The SPA process can be complex and time-consuming, but it is essential to ensure that the transaction is completed in a legal and orderly manner. By following the steps outlined above, buyers and sellers can help ensure a smooth and successful SPA process.

Warranties and indemnities in SPA

Warranties and indemnities are important contractual provisions in a share purchase agreement (SPA) that allocate risk between the buyer and seller of a company.

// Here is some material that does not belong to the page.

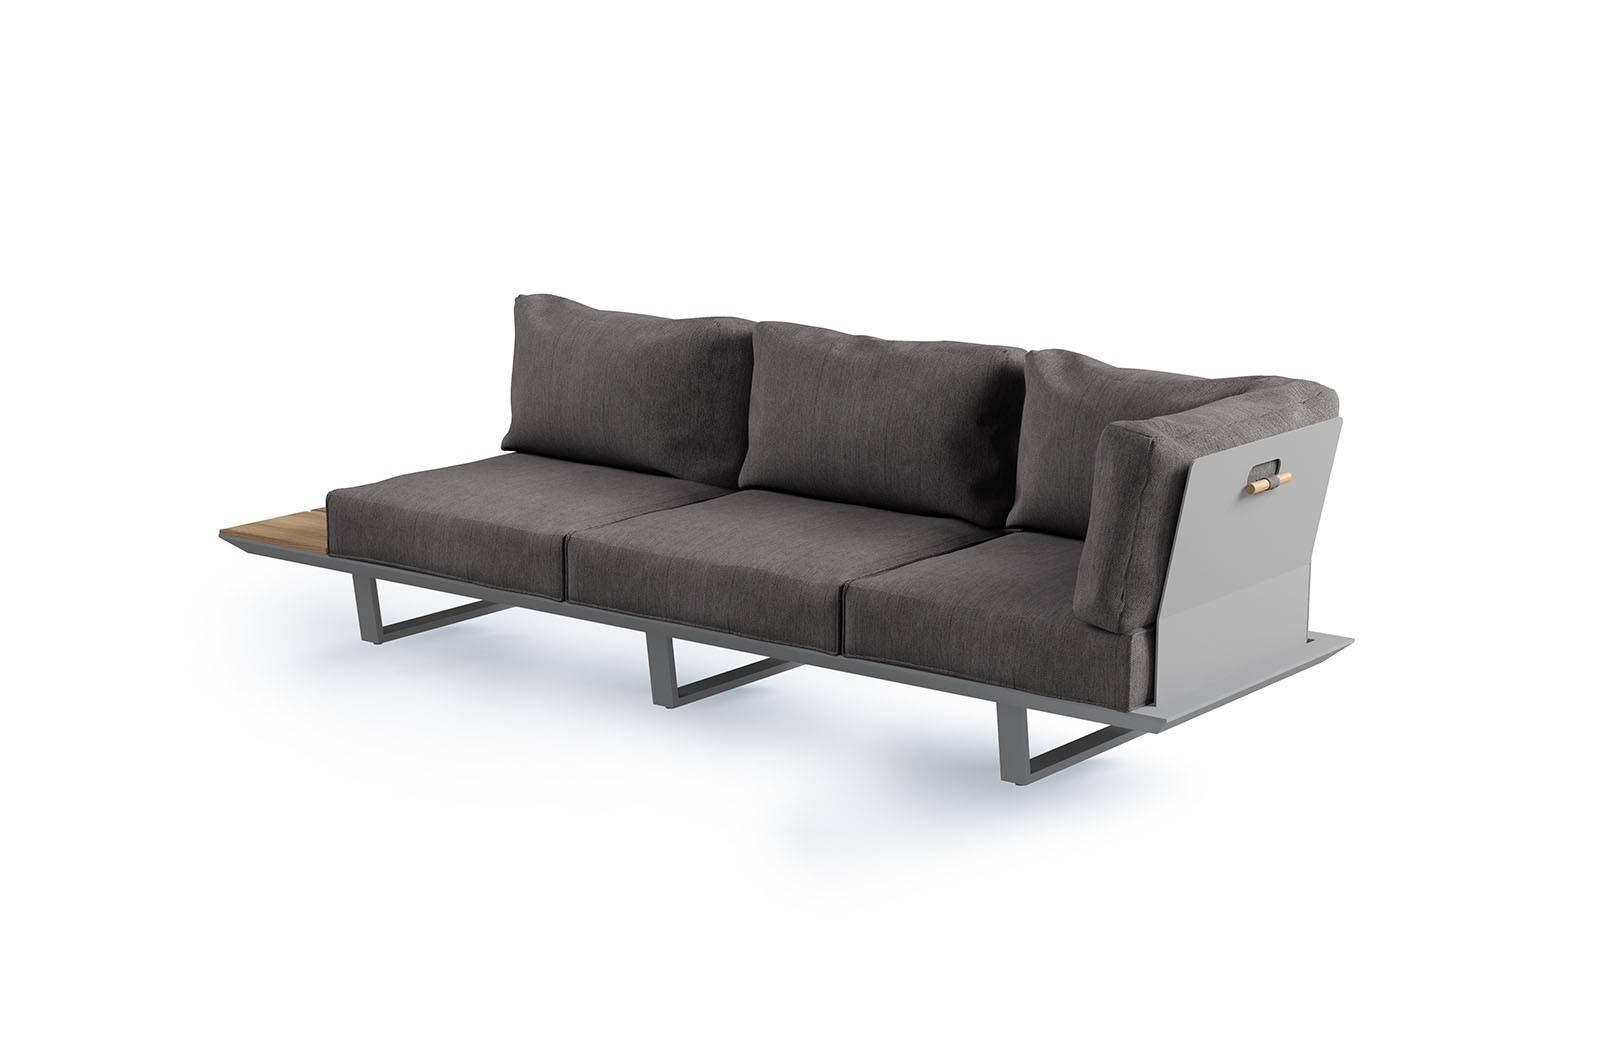 Záhradna hliníková súprava CORIA II grey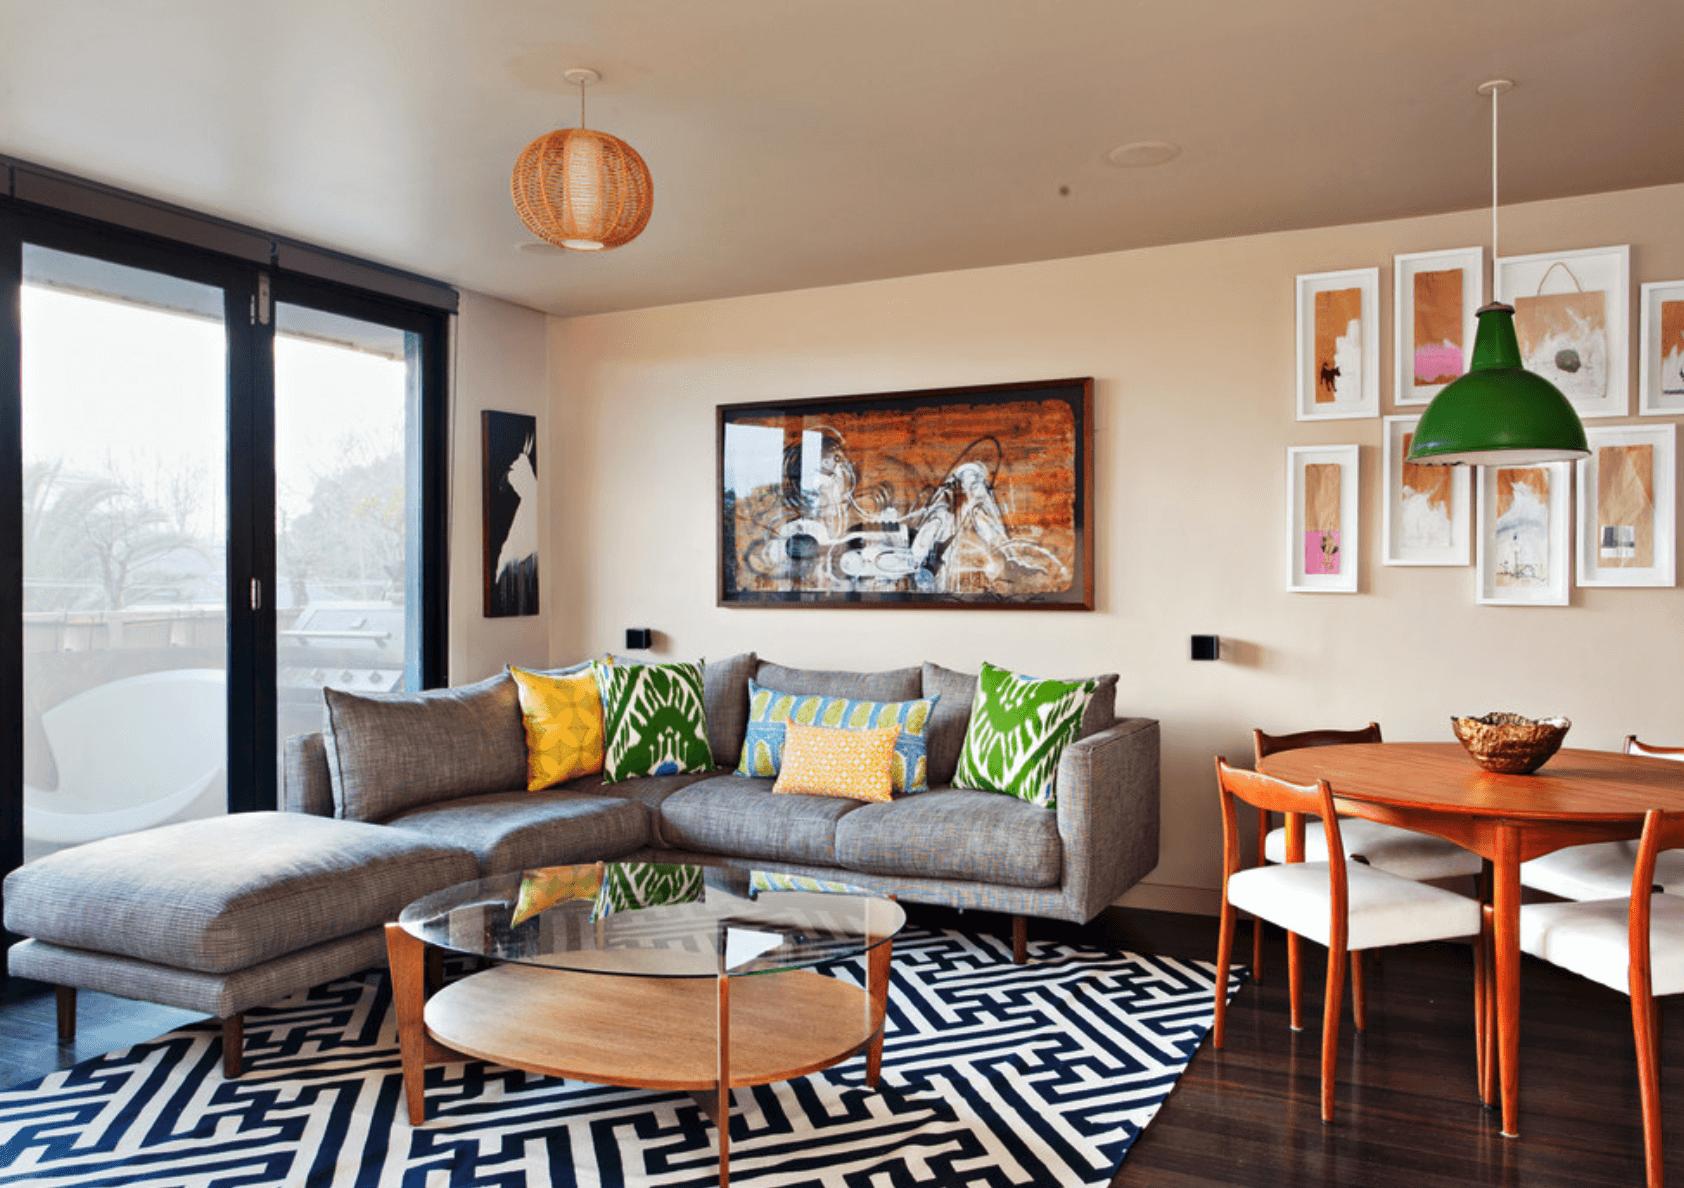 #9E5B2D Relacionado com sala de estar sala de jantar 1684x1188 píxeis em Como Decorar Uma Sala Pequena De Forma Barata

Warranties are statements of fact or representations made by the seller about the company’s business, financial condition, and legal compliance. They are intended to provide the buyer with comfort that the information provided in the SPA is accurate and complete.

Indemnities are contractual obligations of the seller to compensate the buyer for any losses or damages suffered as a result of a breach of warranty or other contractual obligation. They are designed to protect the buyer from any financial or legal liability arising from the purchase of the company.

Warranties in a SPA typically cover a wide range of matters, including:

  • The accuracy and completeness of the financial statements.
  • The absence of any material undisclosed liabilities.
  • Compliance with all applicable laws and regulations.
  • The absence of any material adverse change in the company’s business since the date of the SPA.

Indemnities in a SPA typically cover a wide range of matters, including:

  • Any breach of warranty.
  • Any liabilities or claims arising from the company’s business.
  • Any costs or expenses incurred by the buyer in defending against any claims or litigation.
  • Any losses or damages suffered by the buyer as a result of the purchase of the company.

The scope and extent of warranties and indemnities in a SPA can vary depending on the specific circumstances of the transaction. It is important for both buyers and sellers to carefully negotiate these provisions to ensure that their interests are adequately protected.

Here are some key considerations for negotiating warranties and indemnities in a SPA:

  • The scope and coverage of the warranties and indemnities.
  • The duration of the warranties and indemnities.
  • The limitations and exclusions on warranties and indemnities.
  • The remedies available for breach of warranty or indemnity.
  • The allocation of costs and expenses associated with warranties and indemnities.

Conclusion

A share purchase agreement is not only a legally binding document; it is a great combination of trust, respect, quality, mutual understanding, legal protection, and fairness between the parties to the agreement. These are all important ingredients in making a long-lasting business partnership.

long-lasting. A firm share purchase agreement may be achieved by carefully reviewing and negotiating the terms of the agreement.

It is highly recommended, not only for share purchase agreements but for all kinds of agreements that each party to the agreement must carefully look up to the whole agreement before signing the documents. Making changes to the agreement after signing the agreement is a lengthy process that may require us to follow the whole process again, and also the mutual consent of the parties involved.

Keep in mind that a solid SPA is not just a legal paper, it creates a bridge to a successful and long-term business partnership for the future that results in mutual growth of the parties.